POISE cuts reasoning-model training compute by using hidden states as value signals
A new RL method estimates baselines from the policy model's own hidden states and entropy signals, matching DAPO's performance on math benchmarks while cutting the compute overhead of separate critic networks and multi-rollout sampling.

Reinforcement learning for large reasoning models typically demands either a second model at policy scale (PPO's critic) or multiple rollouts per prompt (GRPO's empirical mean baseline). A preprint from researchers at Seoul National University and Kakao Brain introduces POISE—Policy Optimization with Internal State Value Estimation—which sidesteps both costs by training a lightweight probe on the policy model's own hidden states and token-entropy statistics.
The probe predicts expected verifiable reward from a single rollout's internal signals, cutting variance without the compute overhead of a full-scale value network. On Qwen3-4B and DeepSeek-R1-Distill-Qwen-1.5B across math reasoning benchmarks, POISE matches DAPO (a recent GRPO variant) while requiring less compute. Because the value estimator consumes signals already computed during the policy forward pass, it adds negligible inference cost.
Cross-rollout construction preserves gradient unbiasedness. To avoid biasing gradients with trajectory-conditioned features, POISE predicts each rollout's value from an independent rollout's internal states. This architectural choice lets the probe use rich trajectory-level signals without coupling the value estimate to the policy's own outputs.
Single-rollout baselines unlock higher prompt diversity. GRPO samples multiple completions per prompt to compute a stable empirical mean; POISE needs only one rollout per prompt for its value estimate. The saved compute redirects to a larger prompt batch, which reduces gradient variance and improves learning stability.
The probe generalizes across verifiable tasks. The lightweight value estimator—trained online alongside the policy—performs comparably to a separate LLM-scale value model on math reasoning and transfers to other verifiable reward settings without retraining.

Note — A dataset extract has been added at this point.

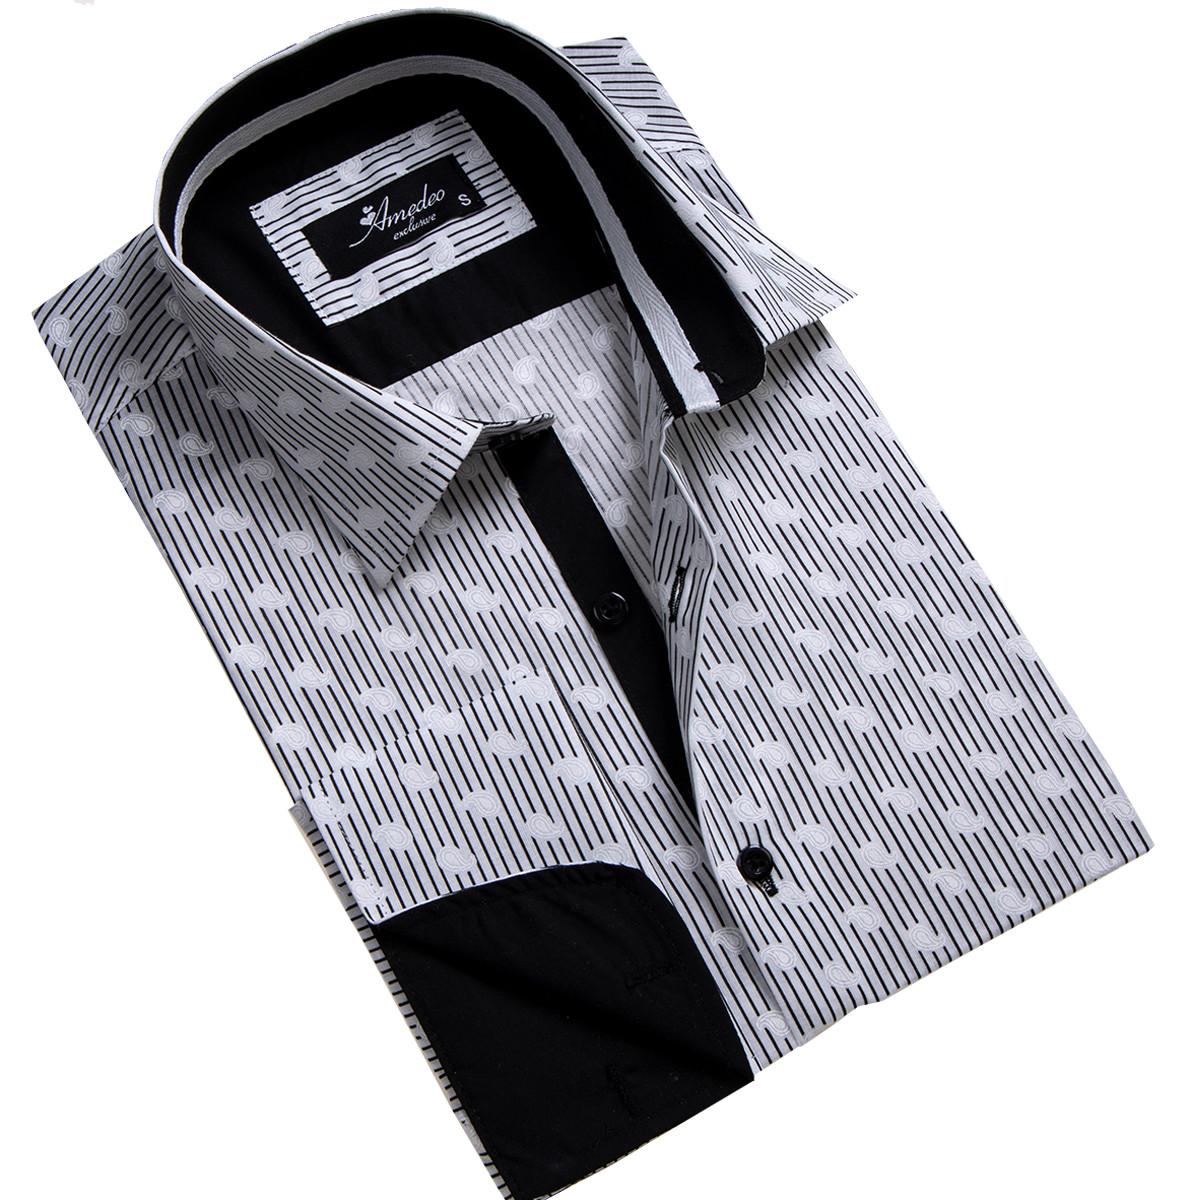 European Made & Designed Reversible Cuff Premium French Cuff Dress Shirt - black & white lines

No separate critic, no multi-rollout overhead. PPO's critic is typically as large as the policy; GRPO's group-mean baseline requires multiple rollouts per prompt. POISE replaces both with a probe that reads hidden states and entropy statistics already in memory, reducing the compute footprint of baseline estimation to near zero.
Verifiable-reward setting only. POISE is designed for RLVR—tasks with ground-truth correctness signals like math proofs or code execution. It does not address preference-based RL (RLHF) or settings where verifiable rewards are unavailable.